While with this ruling, the American people have seen fundamental constitutional protections brought into the 21st Century, it’s not all over yet for Danny Lee Kyllo. Although the Supreme Court reversed the appeal’s court ruling on the admissibility of thermal imaging evidence, it did not throw out Kyllo’s conviction. Instead, it remanded his case back to the federal circuit court to decide whether, absent the thermal imaging evidence, any basis to order a search warrant existed.

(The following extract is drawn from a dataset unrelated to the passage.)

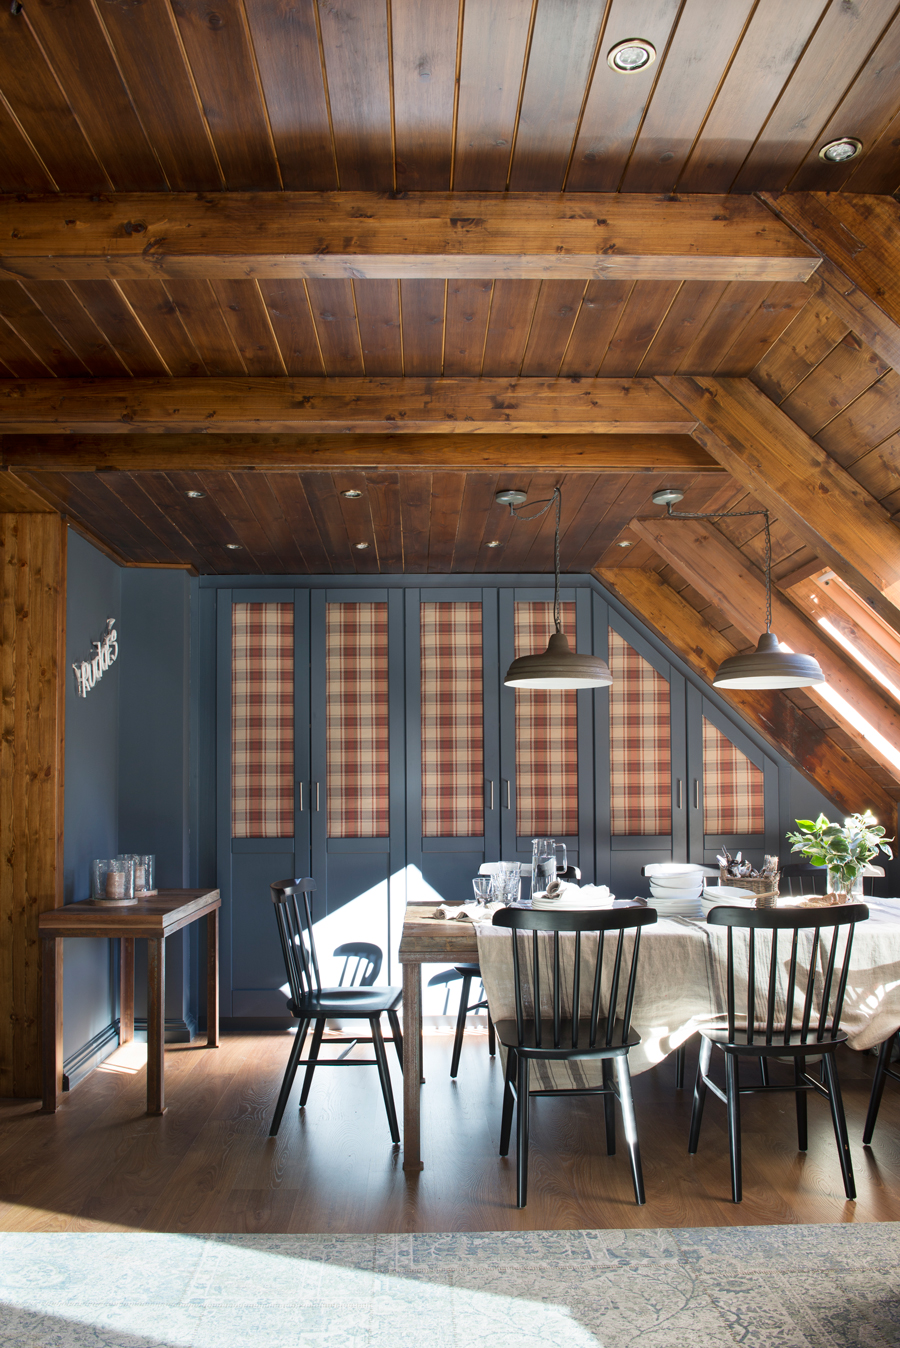 00447308 O. Comedor rústico con techo de madera, pardes en azul oscuro y armarios empotrados entelados con tela a cuadros 00447308 O

The ruling and the dissent are both available at http://www.supremecourtus.gov/opinions/00pdf/99-8508.pdf online

Newsbrief: Supreme Court Lets Stand Ruling Allowing Drug Dog Searches Outside People’s Homes 4/8/05

On Monday, the US Supreme Court declined to hear an appeal of a Houston case in which police used a drug dog to sniff outside a man’s garage. The non-ruling comes on the heels of the court’s January decision ratifying the use of drug dogs in traffic stops. In that ruling, dissenting justices David Souter and Ruth Bader Ginsburg warned that it could lead to more intrusive drug dog searches, and police in Houston are apparently prepared to test the limits of the law.

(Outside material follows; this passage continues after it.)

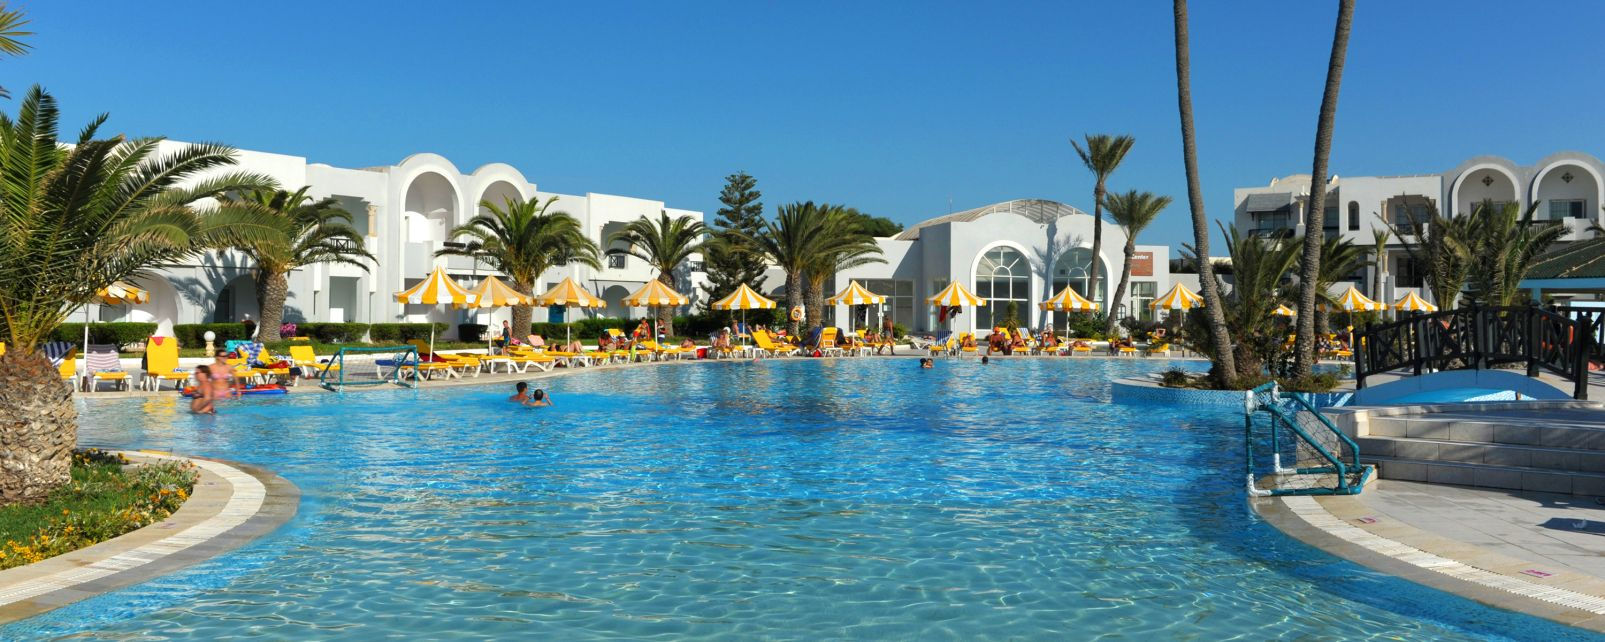 Hôtel Holiday Beach

But they won’t have to. Instead, the Supreme Court let stand a federal appeals court ruling against David Gregory Smith. In that case, police sicced a drug dog on Smith’s garage and when the drug dog alerted, police used the alert as the basis for a search of Smith’s home. As a result, he was arrested and ultimately convicted of drug possession. Smith argued that the drug dog sniff was an improper police search that violated his Fourth Amendment rights against arbitrary searches.

“The use of a drug-sniffing dog at the entrance of a private home to detect the contents of the dwelling strips the citizenry of the most basic boundary of personal privacy by gathering invisible information coming from the interior of the home,” Smith argued in his appeal.

While the US Supreme Court has upheld the use of drug dogs, confusion lingers over the permissible extent of their use. Smith argued that the correct precedent in his case was not the January highway drug dog case but a 2001 case involving the use of thermal imaging, in which the court held that a warrant was necessary. “No distinction exists between a thermal-imaging device and drug-sniffing dog in that they are both sense-enhancing and permit information regarding the interior of a home be gathered which could not otherwise be obtained without physical intrusion into a constitutionally protected area,” Smith argued.

But by refusing to accept Smith’s case, the Supreme Court both affirmed his conviction (and 37-year sentence for methamphetamine possession) and left unsettled the limits to drug dog searches.